Longtemps après la lecture, la justesse reste mais n'annule pas l'agacement. Par exemple au début du livre, quand une série d'anaphores (pas sûr qu'il s'agisse du terme exact) fait savoir que les romanciers et autres intellectuels visitent en nombre et en profondeur la question de la dépression. Je comprends la démarche visant à "dépathologiser" la chose, à en montrer le caractère finalement peut-être pas si exceptionnel ou médical, mais l'assimilation d'un tas de termes et la répétition (de l'italique aussi) m'ont semblé peser des tonnes, et surtout risquer de trahir le propos unique de chacun de ces auteurs.
"Pour Fernando Pessoa, elle se nomme l'intranquillité" (p. 19).Qu'elle s'attaque à Russel Banks, dont l'écriture est si retenue et distanciée, m'a particulièrement énervée. (Il me semble aussi qu'à un moment le spleen baudelairien est cité, ce qui m'énerve presque autant).

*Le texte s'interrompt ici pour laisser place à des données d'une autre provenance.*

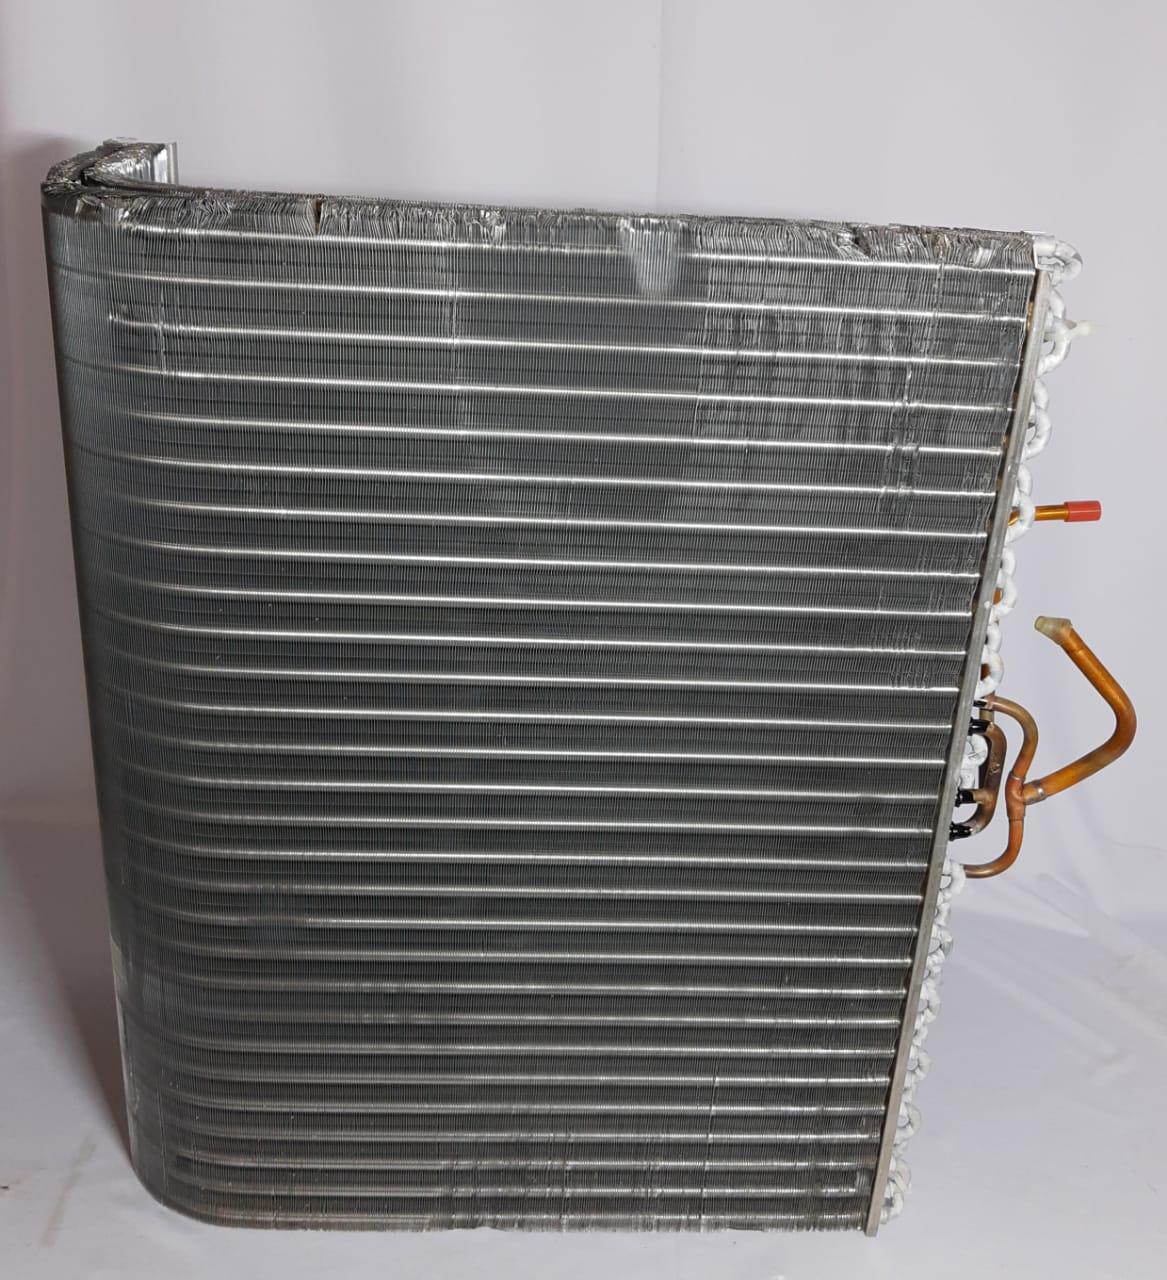 Serpentina Condensadora 36000 Btus Fria Eco Elgin

"Pour Donald Winicott, elle est une réévaluation intérieure de l'être" (p. 22).
"Pour Marguerite Duras, elle se nomme la maladie de la mort" (p. 24).
"Pour Rainer Maria Rilke, elle se nomme l'existence en surnombre" (p. 31).
"Pour Russel Banks, elle se nomme la volonté agitée" (p. 34).
Et puis, les fiches et citations qui reprennent très sérieusement des recherches entreprises sur le sujet... Comme c'est ennuyeux et académique. Le livre pouvait être réduit de moitié, retaillé comme un diamant, le diamant de ce que la narratrice traverse au long de cet épisode où sa vie est en jeu, dans un espace tout à la fois hors de l'événement, de la géographie et de l'imagination. Quand elle perd jusqu'au goût de l'écriture et de la lecture, quand elle ne peut trouver à l'extérieur une consolation, quand aucun de ses stratagèmes patiemment forgés contre l'anxiété n'opère plus. Mais rien de tel, absolument rien, on se trouve face à un pavé indigeste dont il faut extraire la moëlle. Cela me met en colère, peut-être par un renvoi douloureux à mes propres manières de faire, d'écrire, de lire, d'échapper à la mélancolie...
Enfin, il me semble fou, et caractéristique d'une époque prompte au recyclage comme à l'imitation, que des citations et paraphrases puissent constituer le fondement d'une œuvre de création littéraire sans que personne n'y trouve à redire (mais je n'ai pas lu tous les compte-rendus concernant cet ouvrage). Par comparaison, Houellebecq qui a pourtant été très critiqué pour avoir recopié Wikipédia, apparaît bien timide dans La carte et le territoire.